▶ _Your assignment_
Below are entries; copy exactly the lines from the one with "Chicken Seekh Kabab - $10.99 (Fri,Sat&Sun)" through the one with "Fitness centre/facilities, Fitness", both included, and leave out the rest.

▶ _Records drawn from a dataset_
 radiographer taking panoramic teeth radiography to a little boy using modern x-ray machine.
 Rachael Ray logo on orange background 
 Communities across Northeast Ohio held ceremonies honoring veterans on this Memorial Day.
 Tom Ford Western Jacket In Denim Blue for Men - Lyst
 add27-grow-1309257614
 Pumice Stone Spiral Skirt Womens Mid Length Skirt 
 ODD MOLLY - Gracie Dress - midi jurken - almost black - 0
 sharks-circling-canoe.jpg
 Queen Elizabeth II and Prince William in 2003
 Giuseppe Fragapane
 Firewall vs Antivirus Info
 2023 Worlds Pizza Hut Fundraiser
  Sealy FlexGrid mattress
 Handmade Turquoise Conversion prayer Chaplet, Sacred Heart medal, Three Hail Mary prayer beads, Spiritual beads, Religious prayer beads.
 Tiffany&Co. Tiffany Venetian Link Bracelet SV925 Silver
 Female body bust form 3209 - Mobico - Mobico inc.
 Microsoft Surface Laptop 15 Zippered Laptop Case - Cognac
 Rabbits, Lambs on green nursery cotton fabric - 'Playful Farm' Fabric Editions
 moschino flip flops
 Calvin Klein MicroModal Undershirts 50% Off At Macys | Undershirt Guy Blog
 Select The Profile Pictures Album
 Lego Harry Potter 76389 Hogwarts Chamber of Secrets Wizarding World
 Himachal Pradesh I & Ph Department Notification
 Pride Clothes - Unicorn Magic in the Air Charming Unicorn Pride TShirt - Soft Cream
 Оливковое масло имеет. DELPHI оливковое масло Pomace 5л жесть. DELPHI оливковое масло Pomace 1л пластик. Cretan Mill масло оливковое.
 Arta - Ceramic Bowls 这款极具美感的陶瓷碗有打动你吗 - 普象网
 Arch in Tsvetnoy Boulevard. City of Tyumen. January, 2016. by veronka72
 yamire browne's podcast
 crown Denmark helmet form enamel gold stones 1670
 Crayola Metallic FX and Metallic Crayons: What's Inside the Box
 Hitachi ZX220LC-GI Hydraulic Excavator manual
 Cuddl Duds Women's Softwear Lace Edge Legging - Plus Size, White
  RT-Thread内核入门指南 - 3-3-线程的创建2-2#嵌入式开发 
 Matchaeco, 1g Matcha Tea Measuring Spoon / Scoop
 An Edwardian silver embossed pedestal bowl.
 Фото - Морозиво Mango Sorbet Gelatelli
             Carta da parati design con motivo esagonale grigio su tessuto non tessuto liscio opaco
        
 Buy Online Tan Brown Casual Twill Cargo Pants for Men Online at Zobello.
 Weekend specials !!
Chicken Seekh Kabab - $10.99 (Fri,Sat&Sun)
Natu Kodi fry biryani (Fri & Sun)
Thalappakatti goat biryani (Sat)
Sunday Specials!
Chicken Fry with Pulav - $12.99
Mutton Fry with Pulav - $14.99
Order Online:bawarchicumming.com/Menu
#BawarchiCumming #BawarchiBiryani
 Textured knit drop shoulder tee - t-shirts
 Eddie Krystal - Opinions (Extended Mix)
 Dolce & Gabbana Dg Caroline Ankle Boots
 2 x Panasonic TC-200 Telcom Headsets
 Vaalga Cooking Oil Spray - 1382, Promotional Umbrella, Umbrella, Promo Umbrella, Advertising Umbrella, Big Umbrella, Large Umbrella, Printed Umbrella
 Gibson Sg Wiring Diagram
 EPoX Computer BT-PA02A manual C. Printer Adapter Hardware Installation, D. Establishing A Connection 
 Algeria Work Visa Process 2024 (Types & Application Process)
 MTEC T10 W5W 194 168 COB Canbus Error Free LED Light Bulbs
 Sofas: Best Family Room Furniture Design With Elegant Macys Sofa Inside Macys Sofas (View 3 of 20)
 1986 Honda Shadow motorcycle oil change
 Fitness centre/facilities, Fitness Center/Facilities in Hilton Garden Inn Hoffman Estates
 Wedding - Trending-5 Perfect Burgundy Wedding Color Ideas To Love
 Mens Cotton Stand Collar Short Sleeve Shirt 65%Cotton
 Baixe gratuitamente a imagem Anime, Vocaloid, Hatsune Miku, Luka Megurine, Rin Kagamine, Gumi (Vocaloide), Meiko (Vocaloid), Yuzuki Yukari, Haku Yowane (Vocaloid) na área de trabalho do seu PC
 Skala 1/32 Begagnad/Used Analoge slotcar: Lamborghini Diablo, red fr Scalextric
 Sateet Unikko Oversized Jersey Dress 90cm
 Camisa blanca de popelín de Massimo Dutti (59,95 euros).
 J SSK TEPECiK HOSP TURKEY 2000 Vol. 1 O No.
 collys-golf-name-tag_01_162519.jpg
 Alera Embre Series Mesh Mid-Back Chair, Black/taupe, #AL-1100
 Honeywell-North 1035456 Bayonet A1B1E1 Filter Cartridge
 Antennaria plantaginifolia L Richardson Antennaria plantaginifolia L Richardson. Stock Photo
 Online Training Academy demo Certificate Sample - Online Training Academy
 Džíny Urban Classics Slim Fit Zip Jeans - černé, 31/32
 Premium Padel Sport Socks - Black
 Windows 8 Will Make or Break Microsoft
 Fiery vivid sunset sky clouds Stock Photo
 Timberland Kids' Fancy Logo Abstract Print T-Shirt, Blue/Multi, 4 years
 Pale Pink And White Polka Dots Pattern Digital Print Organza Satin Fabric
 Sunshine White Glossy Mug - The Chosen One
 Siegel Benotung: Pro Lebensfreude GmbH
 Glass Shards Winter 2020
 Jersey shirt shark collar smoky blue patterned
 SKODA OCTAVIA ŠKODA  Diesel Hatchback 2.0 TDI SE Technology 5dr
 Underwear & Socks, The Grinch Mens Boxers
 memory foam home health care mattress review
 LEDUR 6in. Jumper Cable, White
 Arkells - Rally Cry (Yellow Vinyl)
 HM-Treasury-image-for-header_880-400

▶ _Exercise result_
Chicken Seekh Kabab - $10.99 (Fri,Sat&Sun)
Natu Kodi fry biryani (Fri & Sun)
Thalappakatti goat biryani (Sat)
Sunday Specials!
Chicken Fry with Pulav - $12.99
Mutton Fry with Pulav - $14.99
Order Online:bawarchicumming.com/Menu
#BawarchiCumming #BawarchiBiryani
 Textured knit drop shoulder tee - t-shirts
 Eddie Krystal - Opinions (Extended Mix)
 Dolce & Gabbana Dg Caroline Ankle Boots
 2 x Panasonic TC-200 Telcom Headsets
 Vaalga Cooking Oil Spray - 1382, Promotional Umbrella, Umbrella, Promo Umbrella, Advertising Umbrella, Big Umbrella, Large Umbrella, Printed Umbrella
 Gibson Sg Wiring Diagram
 EPoX Computer BT-PA02A manual C. Printer Adapter Hardware Installation, D. Establishing A Connection 
 Algeria Work Visa Process 2024 (Types & Application Process)
 MTEC T10 W5W 194 168 COB Canbus Error Free LED Light Bulbs
 Sofas: Best Family Room Furniture Design With Elegant Macys Sofa Inside Macys Sofas (View 3 of 20)
 1986 Honda Shadow motorcycle oil change
 Fitness centre/facilities, Fitness Center/Facilities in Hilton Garden Inn Hoffman Estates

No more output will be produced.